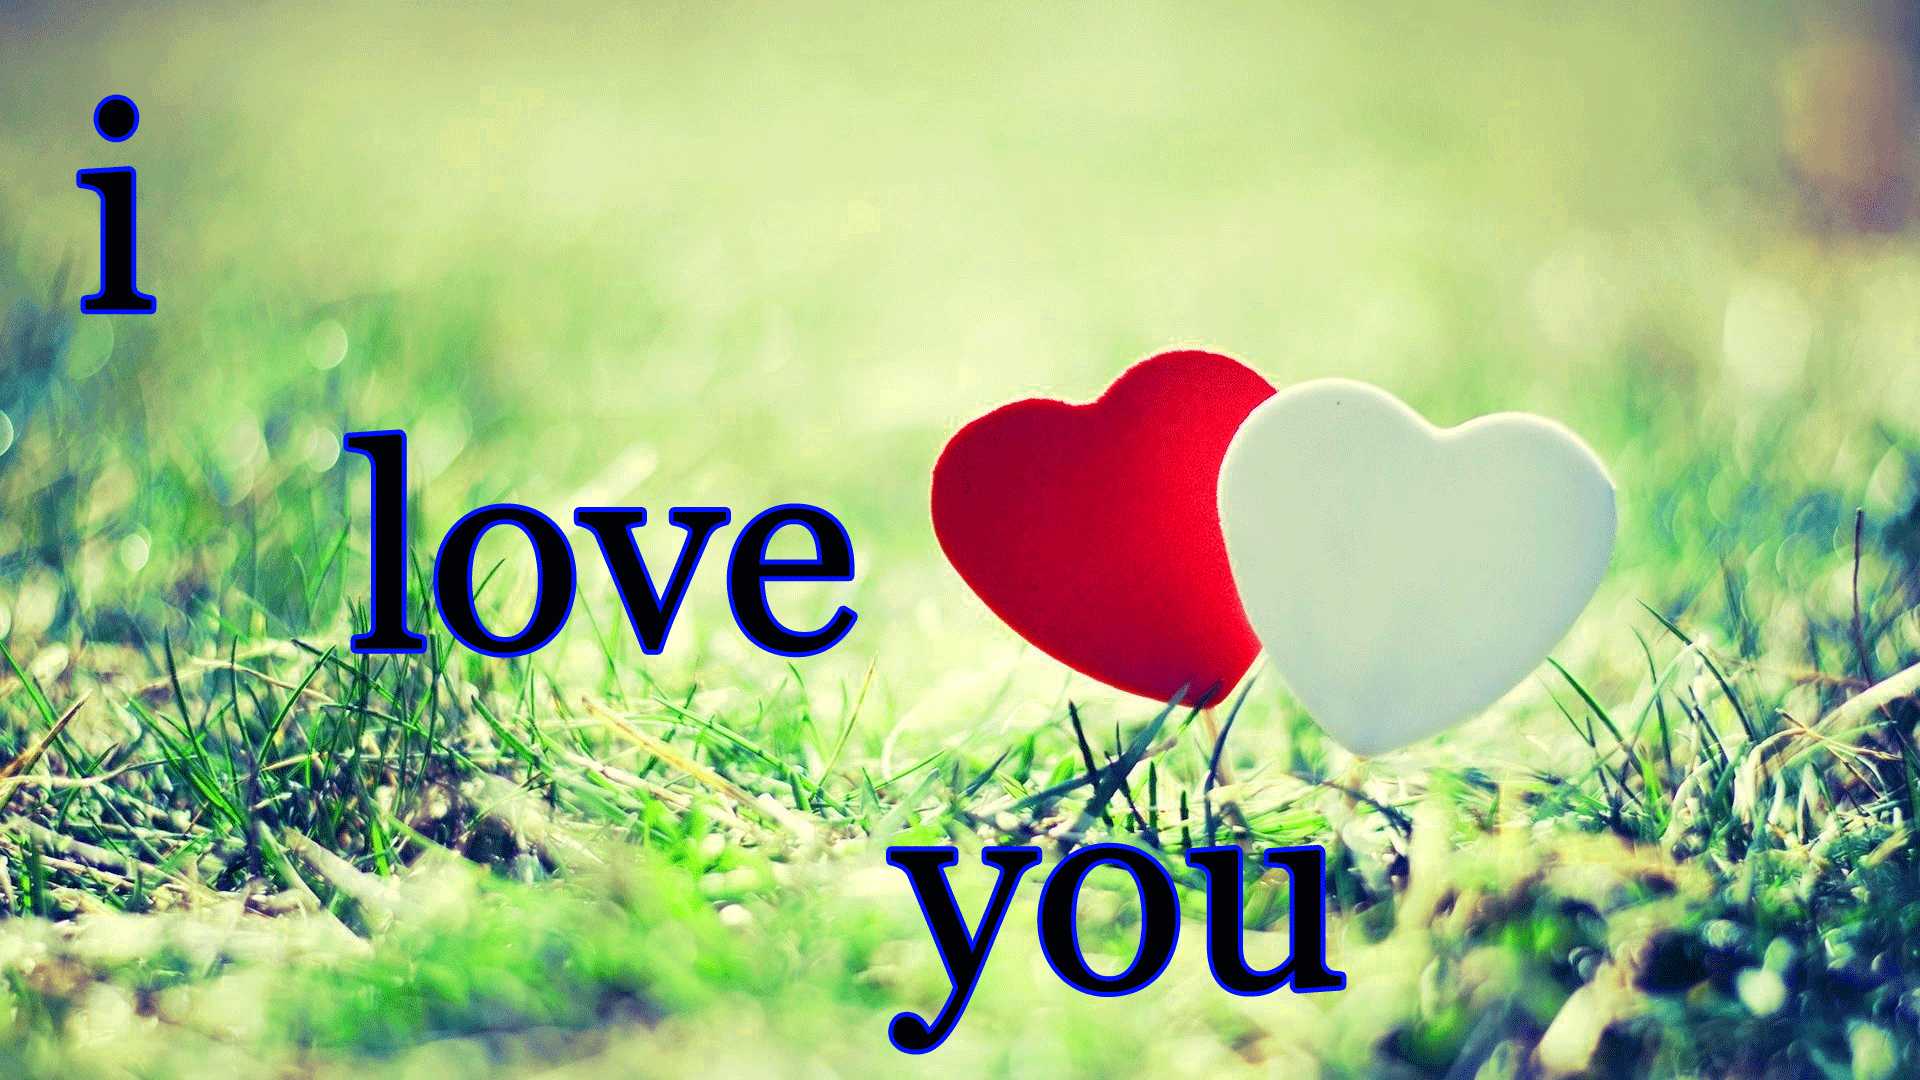 I Love You Hd Wallpapers Wallpaper Cave
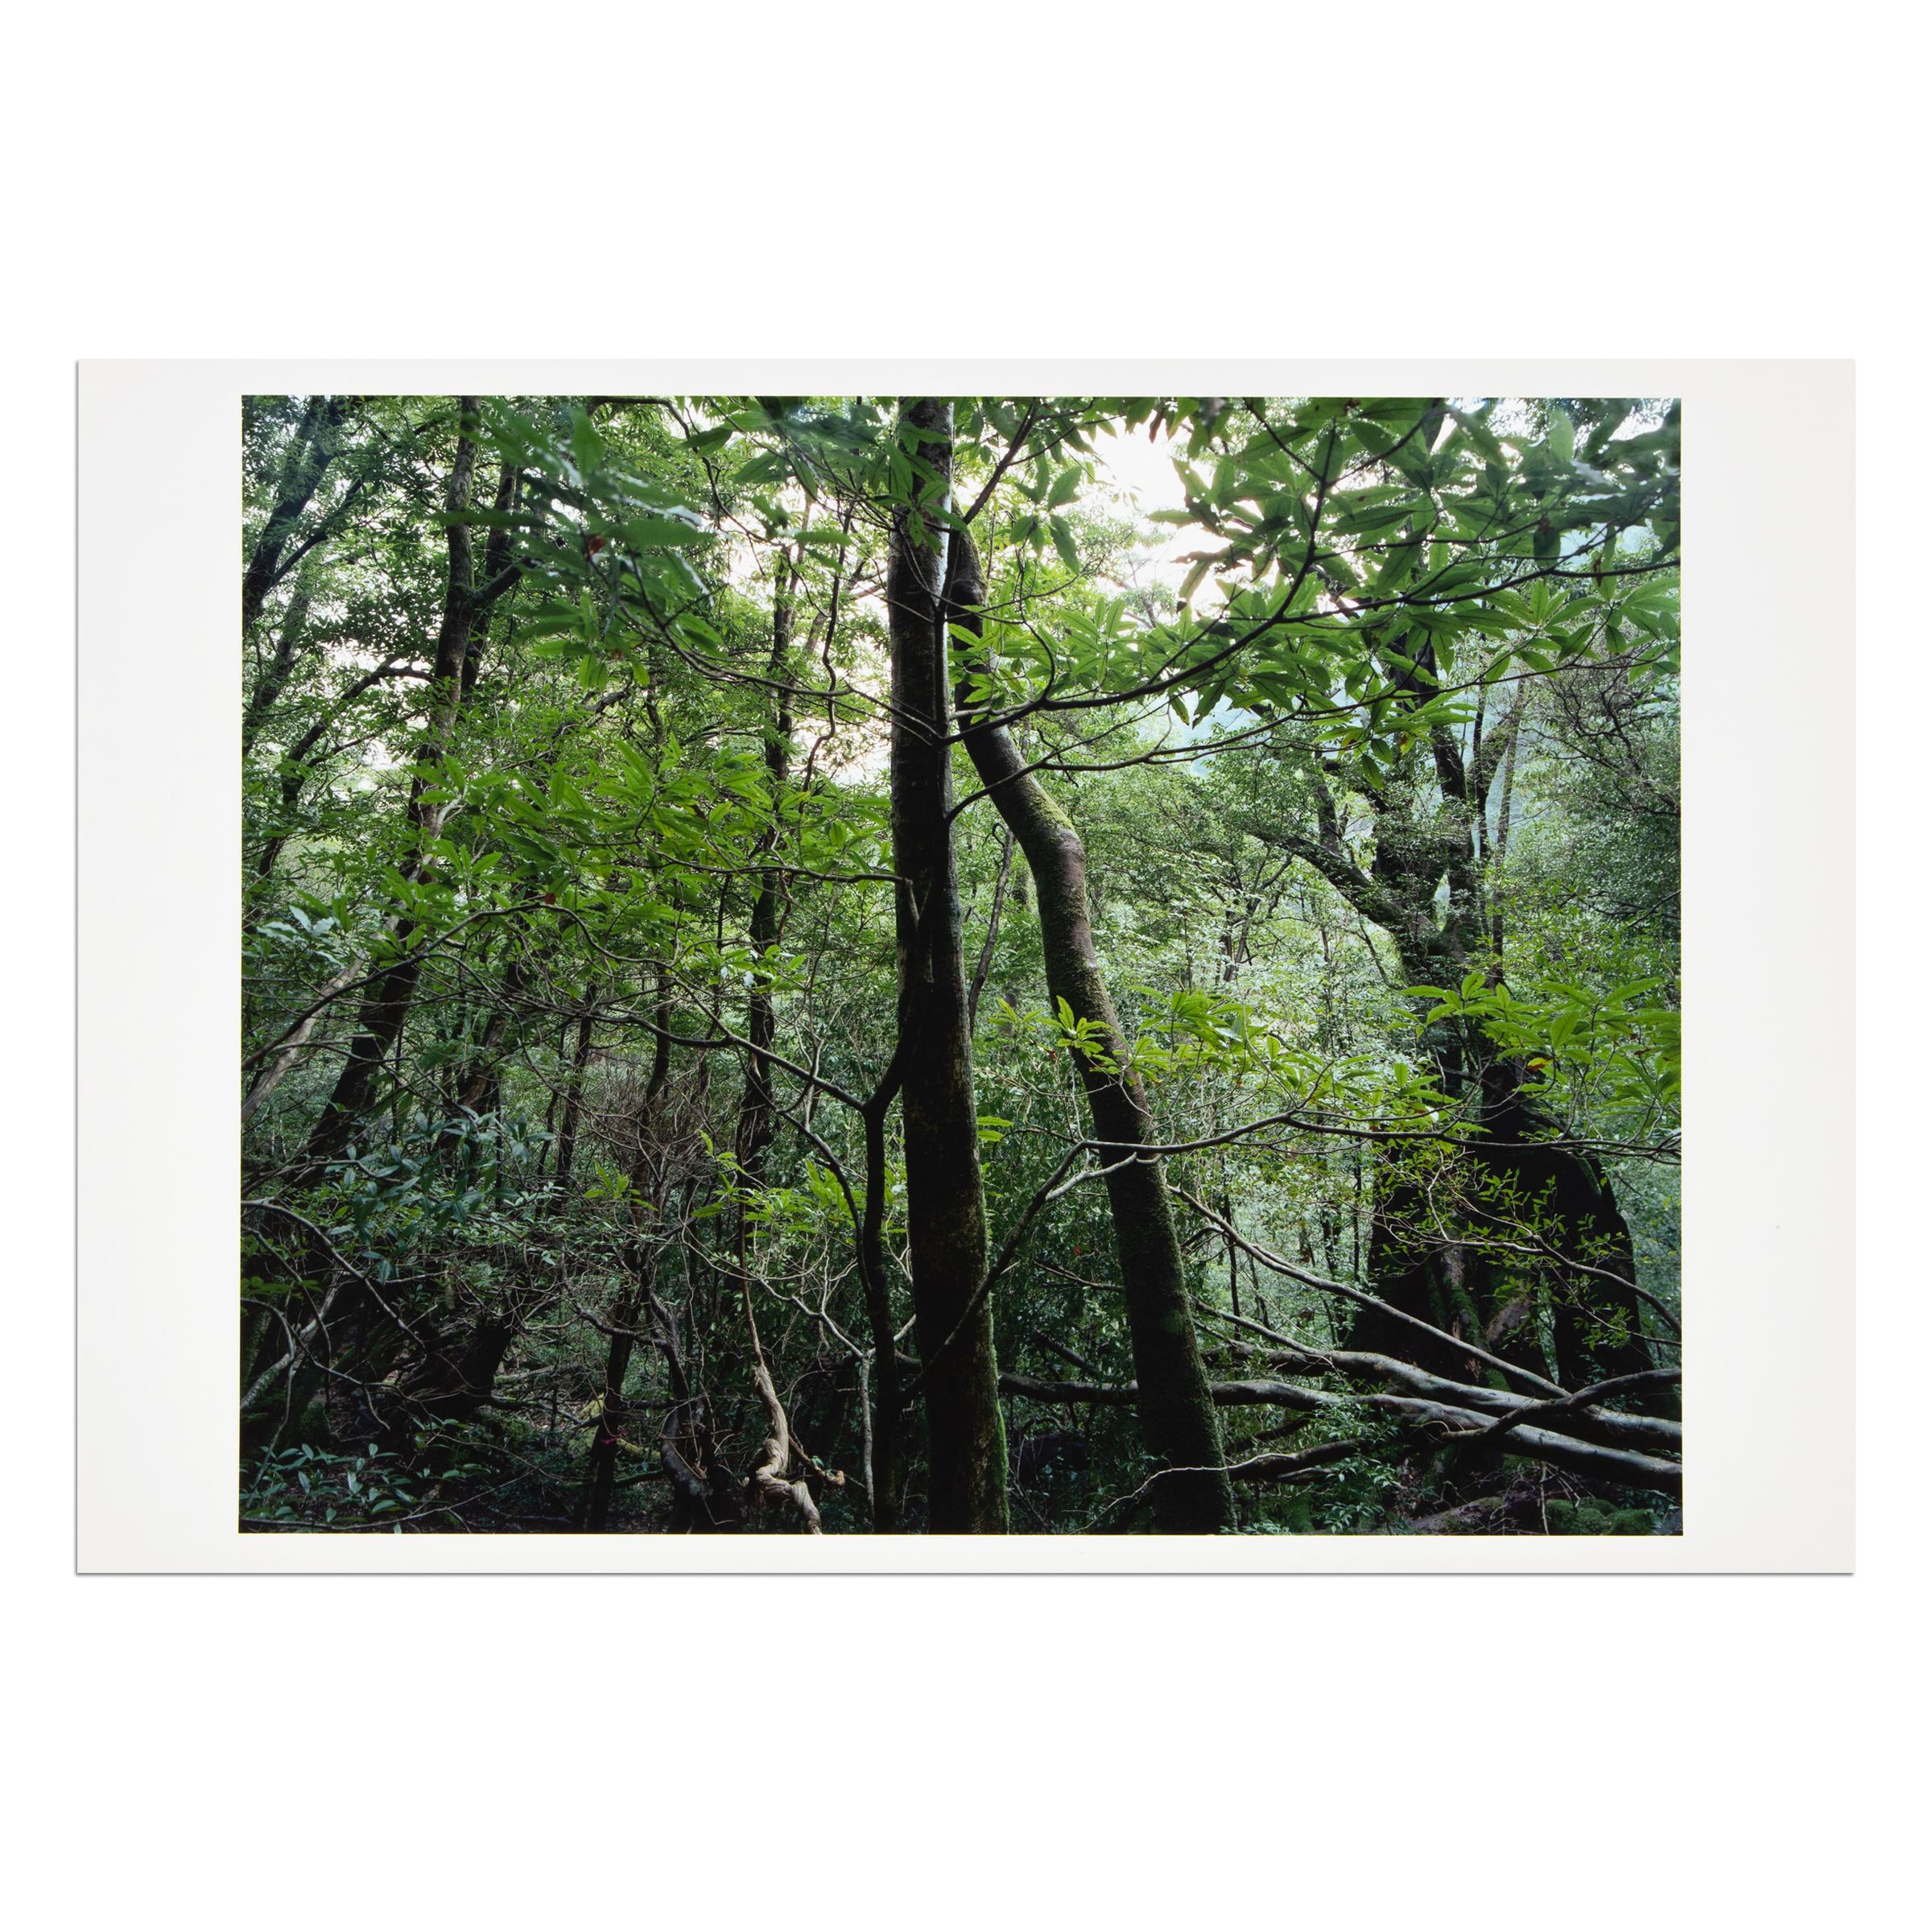 Thomas Struth (German, b. 1954)
Yakushima (from Paradies), 2004
Medium: Pigmented inkjet print
Dimensions: 32.9 x 48.3 cm (13 x 19 in)
Edition size: undisclosed
Markings: Hand-signed and stamped, verso

WHAT THE TASK ASKS: Retype the data shown above exactly, excluding any picture it contains.

WRITTEN RESPONSE:
 I Love You Hd Wallpapers Wallpaper Cave
 Thomas Struth (German, b. 1954)
Yakushima (from Paradies), 2004
Medium: Pigmented inkjet print
Dimensions: 32.9 x 48.3 cm (13 x 19 in)
Edition size: undisclosed
Markings: Hand-signed and stamped, verso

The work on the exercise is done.